##### GIVEN RECORDS

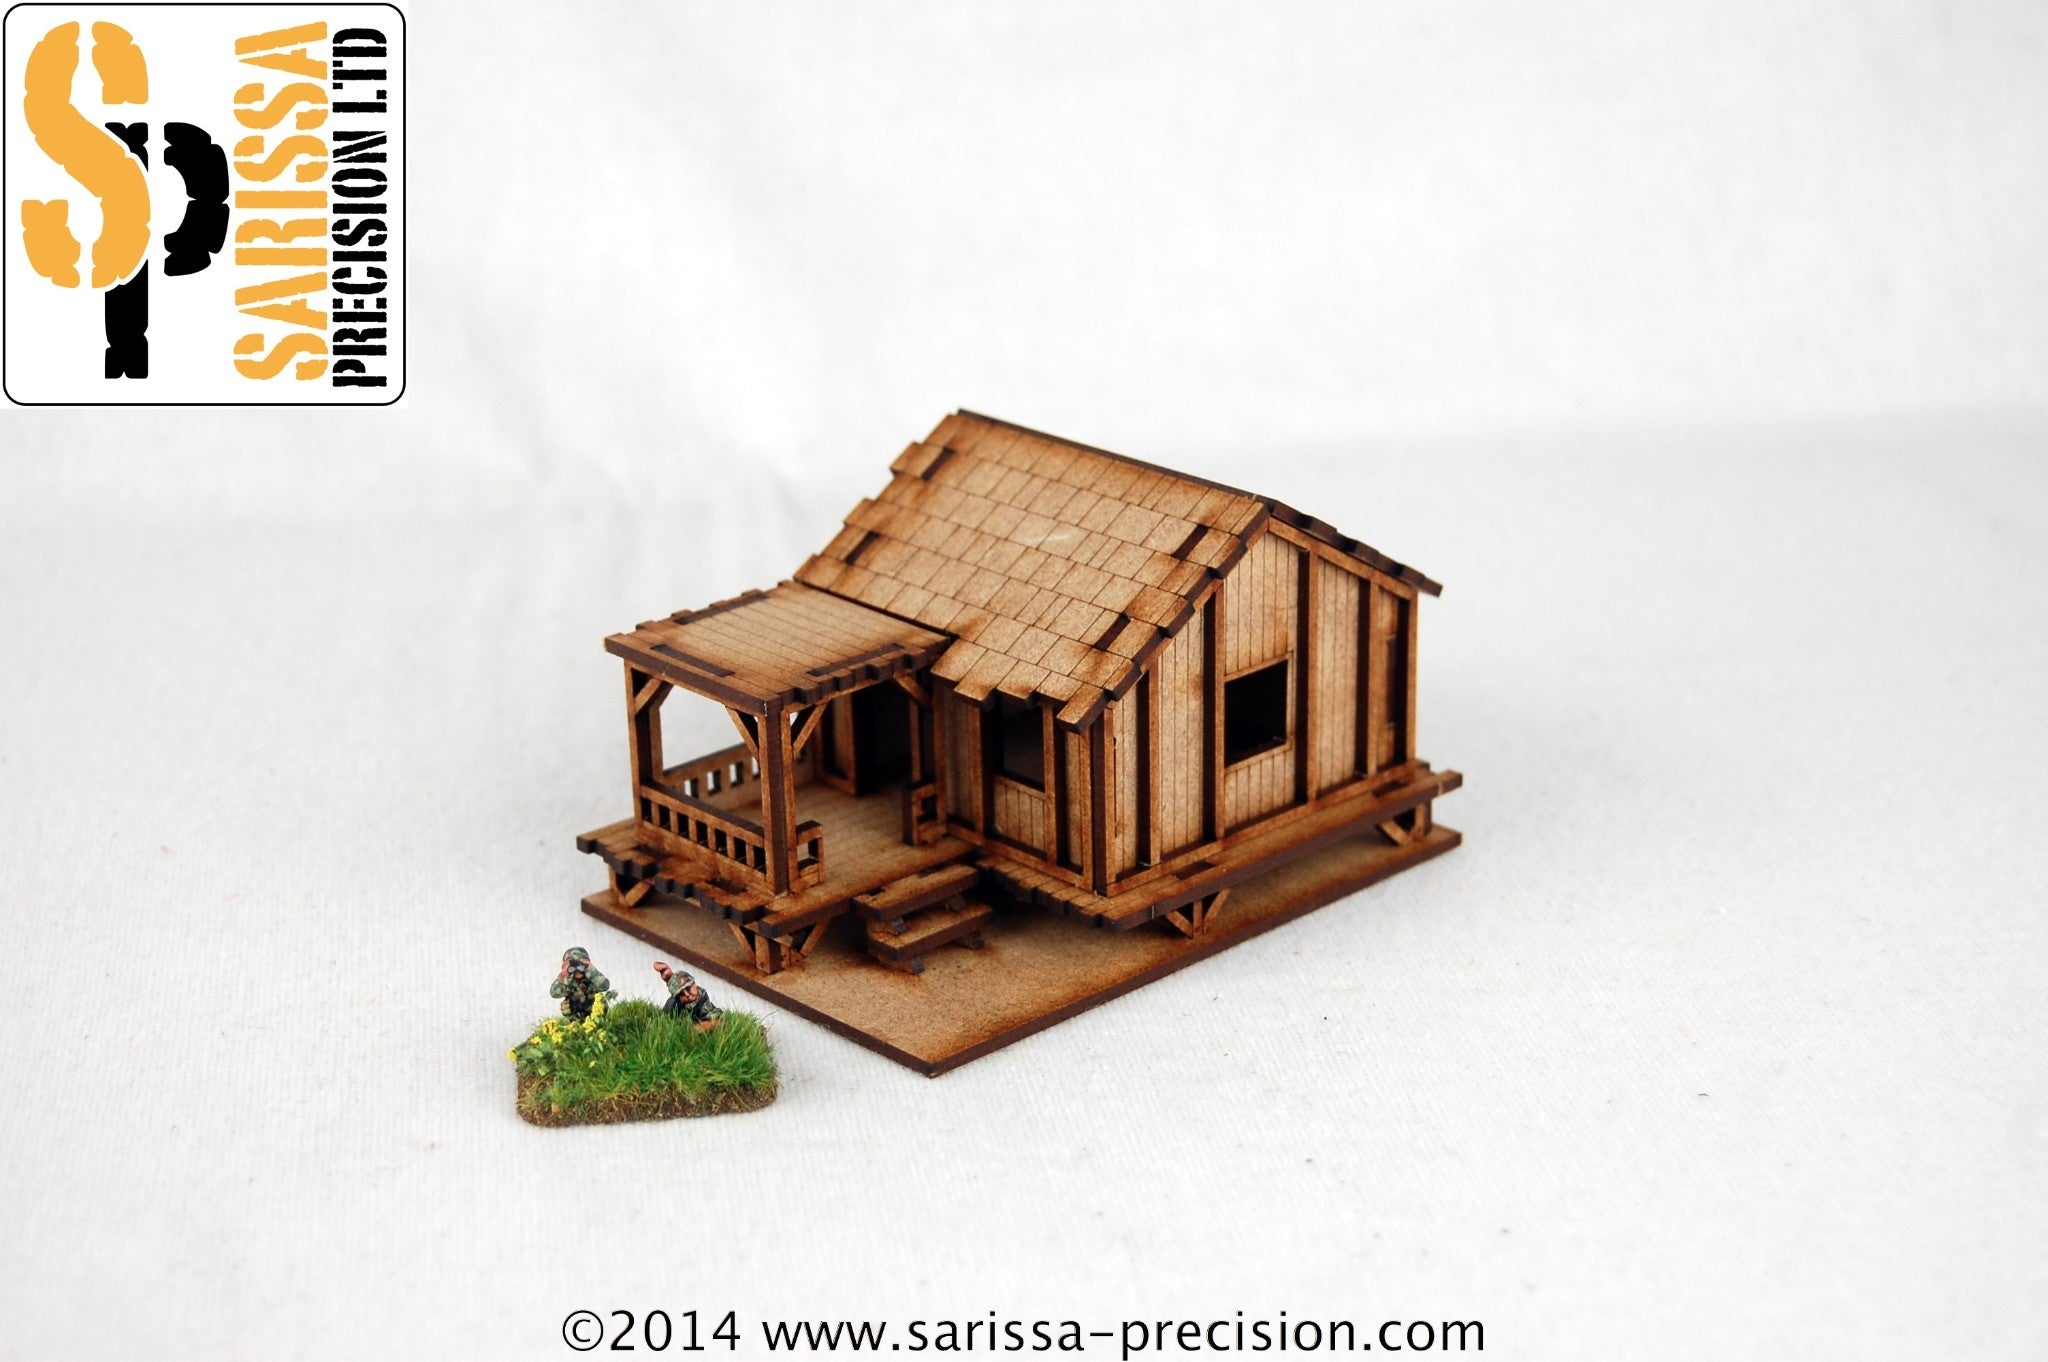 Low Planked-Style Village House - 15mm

##########
##### GIVEN RECORDS

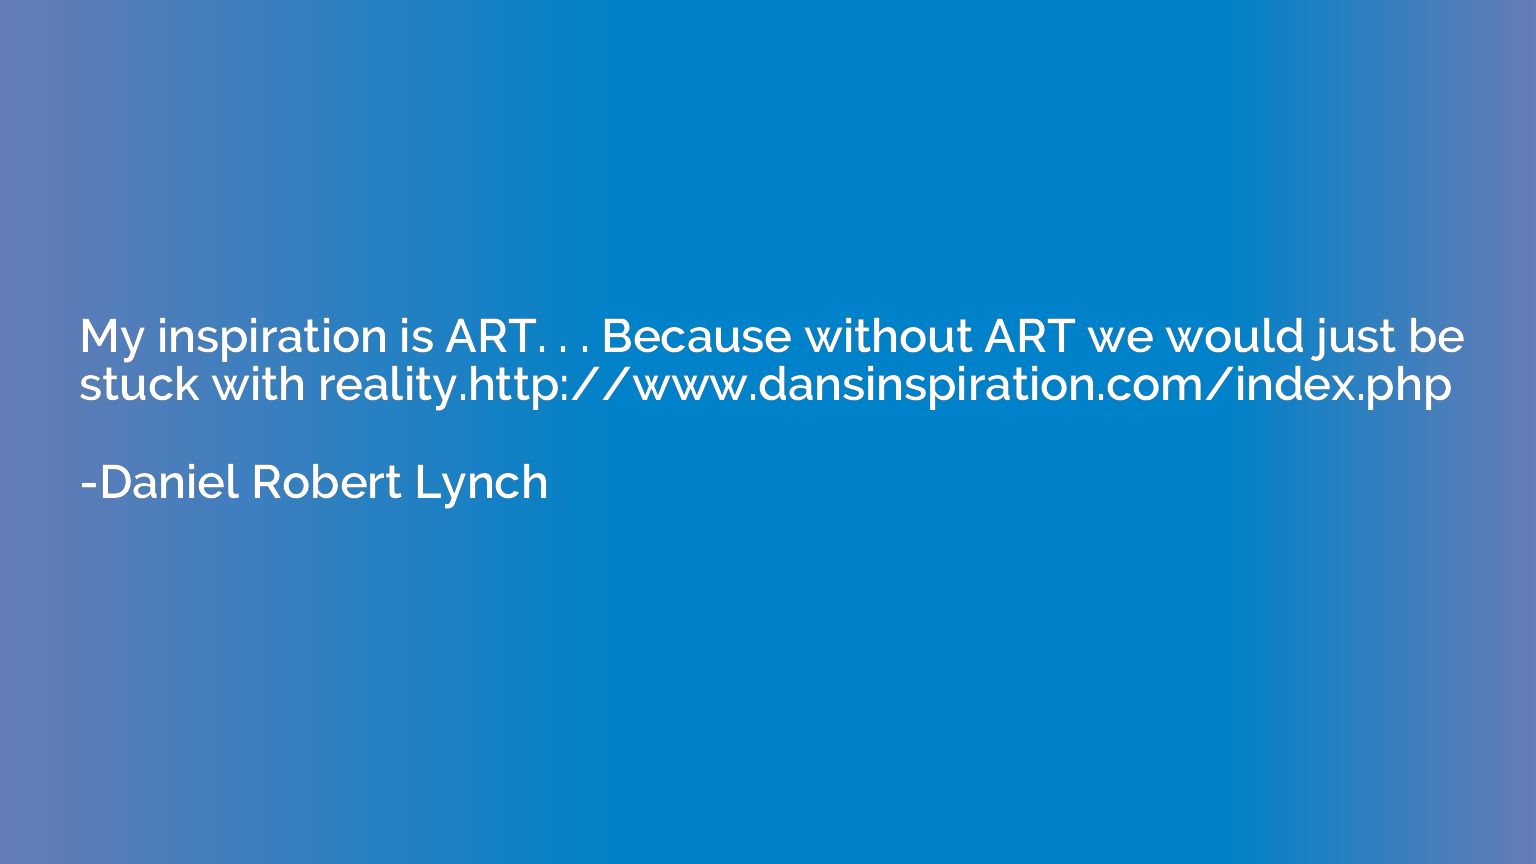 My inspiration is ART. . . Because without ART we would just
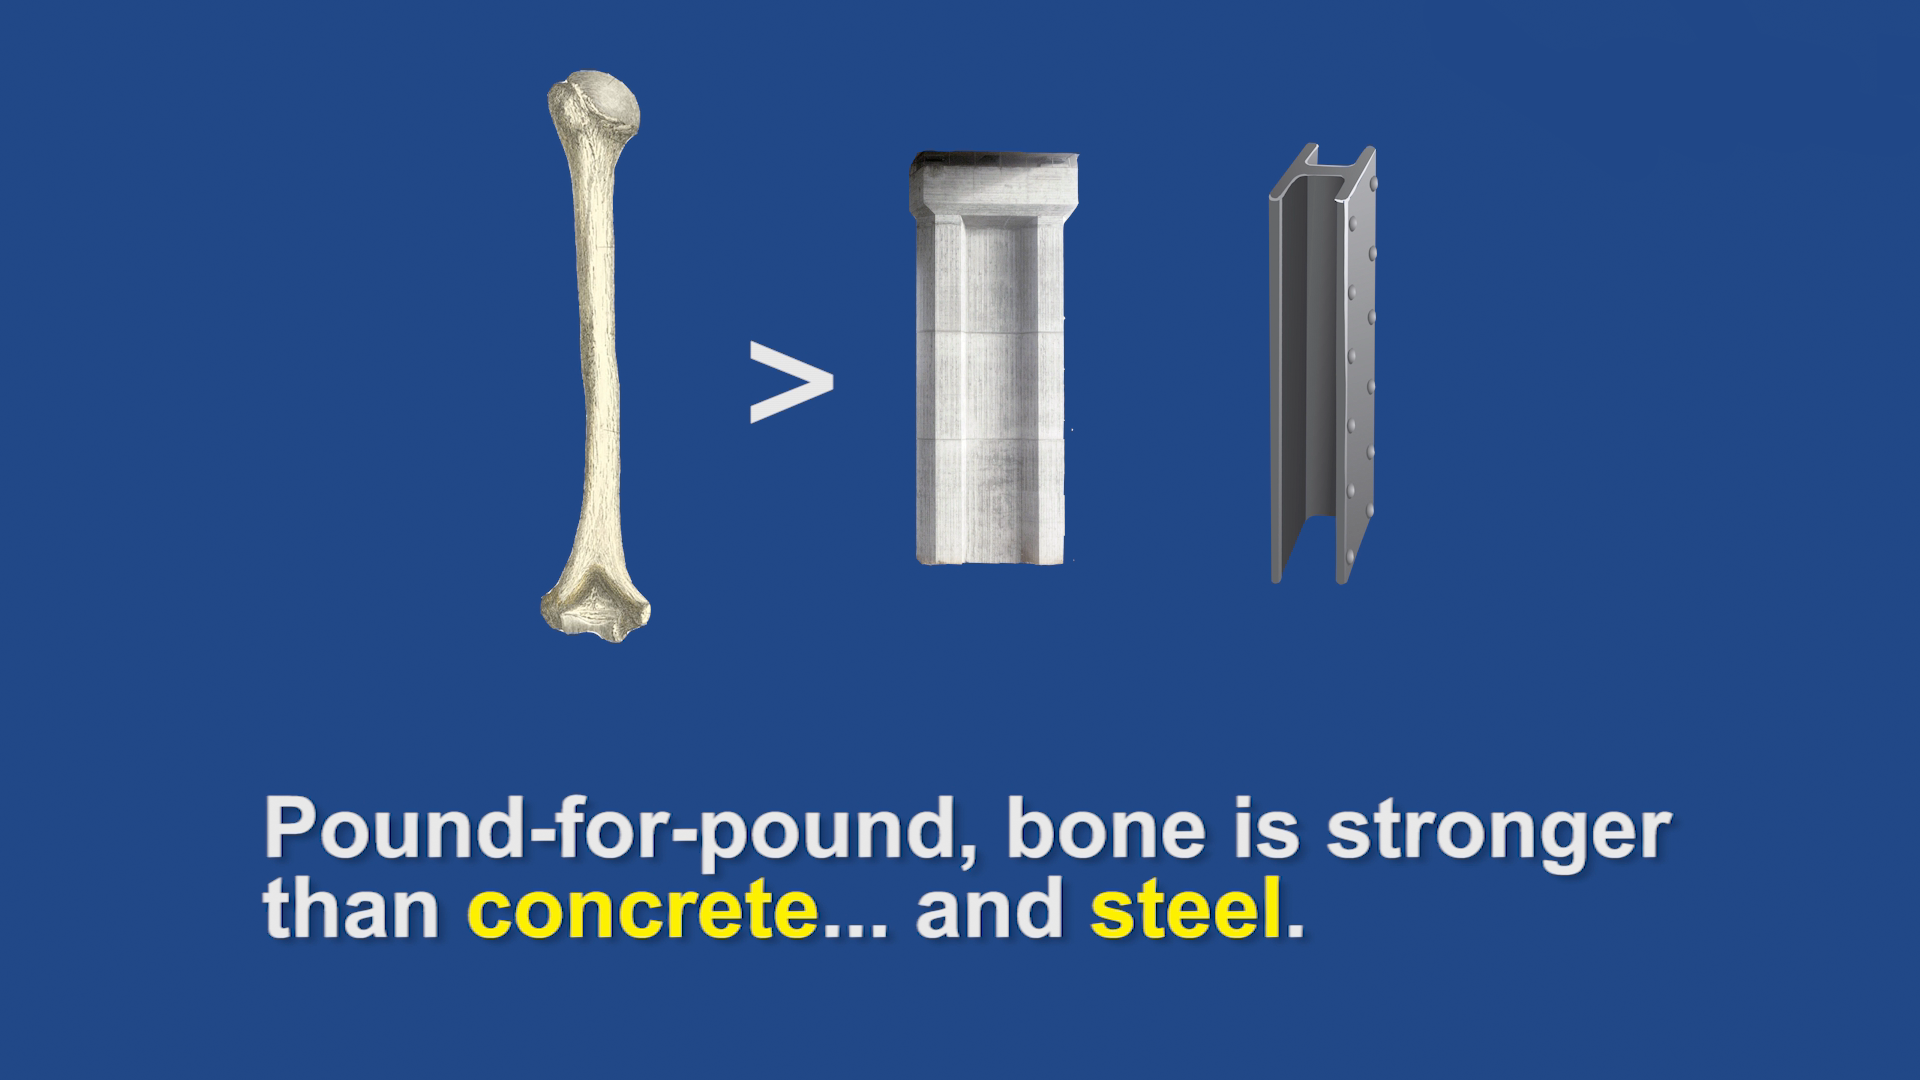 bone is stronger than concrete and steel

##########

AIM OF THE EXERCISE: Leave out every picture, and copy exactly the lines above starting at the one holding "My inspiration is" and ending at the one holding "bone is stronger than concrete and steel", no more and no less.

OUTPUT OF THE EXERCISE:
 My inspiration is ART. . . Because without ART we would just
 bone is stronger than concrete and steel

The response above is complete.